Intelligence Report: Frank's Treasure Chest

August 15, 2012 4:25:47 PM PDT
At 75 years of age and in solitary confinement, the last thing Frank Calabrese needs is a diamond watch to track the minutes slowly passing. Nor does he have much need for gold cufflinks or a money clip. And it's a good thing. The government has sold most of his prized possessions.

Engraved watches, loose diamonds and fourteen carat gold pocket knives are just some of the luxury items seized from Calabrese and sold by the U.S. Government, according to recently filed government documents.

Convicted killer Frank "the Breeze" Calabrese spent his life keeping a low profile, practicing what he preached - that being flashy might cause unwanted attention. But that didn't stop him from engraving his initials on jewelry like a gold money clip that fetched $2,100 during last month's auction.

Calabrese was one of several hoodlums convicted in a 2009 racketeering conspiracy case that featured 18 unsolved murders. He was blamed for 13, sentenced to life in prison and ordered to pay nearly $4-and-a-half million in restitution. The auction proceeds will go toward that restitution obligation to the families of his murdered victims.

After Calabrese went down, authorities raided his home here in suburban oak brook.
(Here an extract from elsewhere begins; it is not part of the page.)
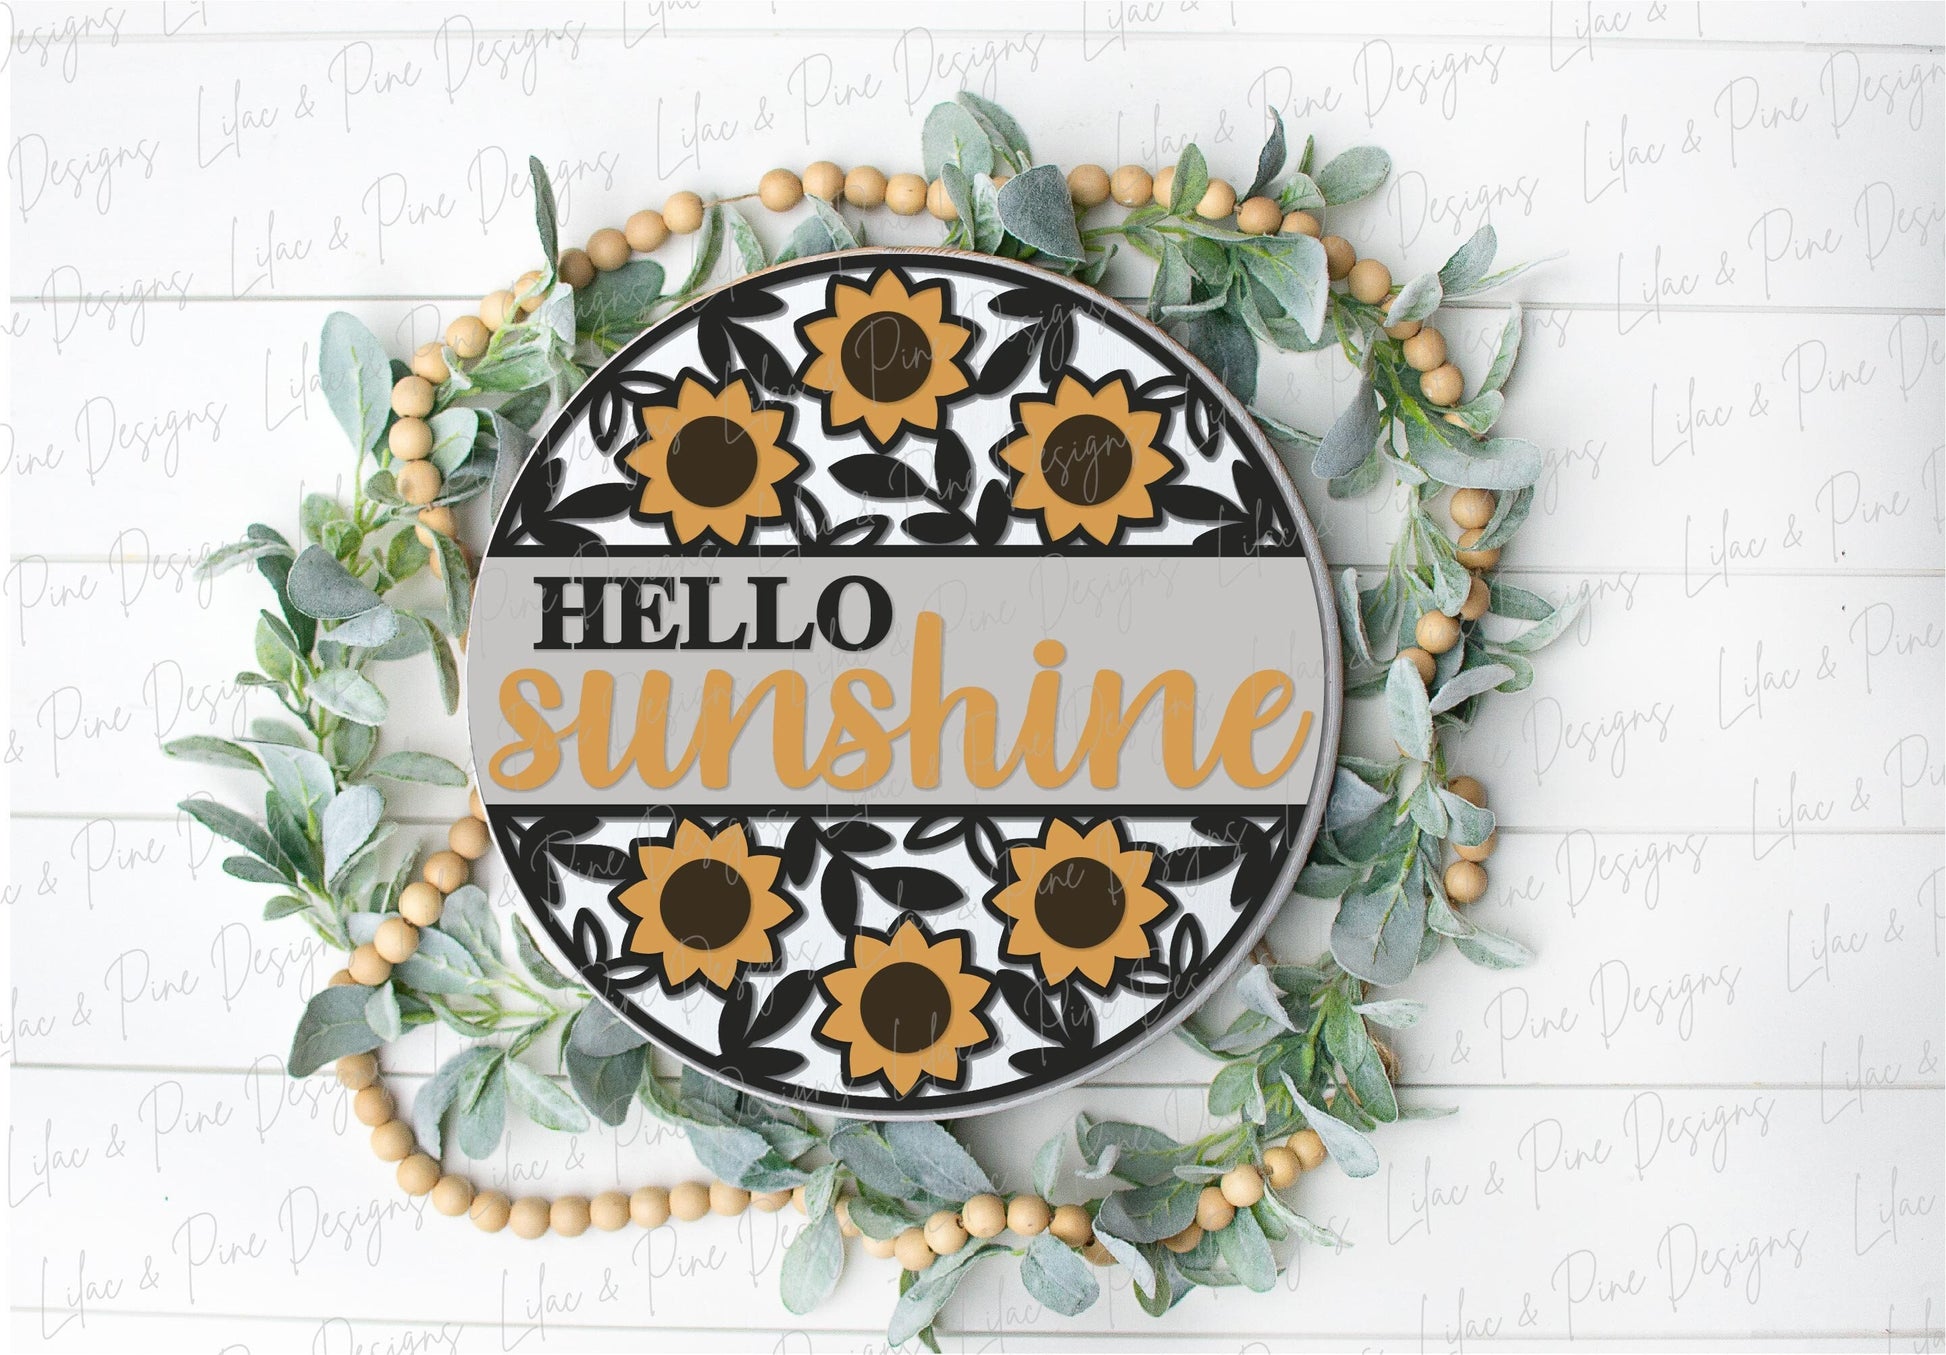 Sunflower door hanger SVG, Floral welcome sign, hello sunshine door hanger SVG, fall floral welcome sign, Glowforge SVG, laser cut file

In this secret compartment behind a Calabrese family portrait, agents found these rare, large denomination bills, jewelry, loose diamonds and some guns.

Dozens of $1,000 and $500 bills, printed in the 1920s and 30s, were auctioned in 2011.

According to records filed late last week, the marshal's service and a Texas auction house brought in $366,000, after paying auction house fees and expenses of about $52,000.

Two hundred and forty two pieces of jewelry were bid on. The top seller? A men's white-gold, diamond ring that brought in $19,400.

One thing not on the sale block: more than a dozen audio tapes that were found hidden in Calabrese's basement. Federal authorities have never revealed what was recorded on them and why they were so important that they were stashed with the cash.

The forfeiture of Calabrese's assets is typical of how the government seizes and sells property owned by criminals. It is usually after they are convicted. But not always.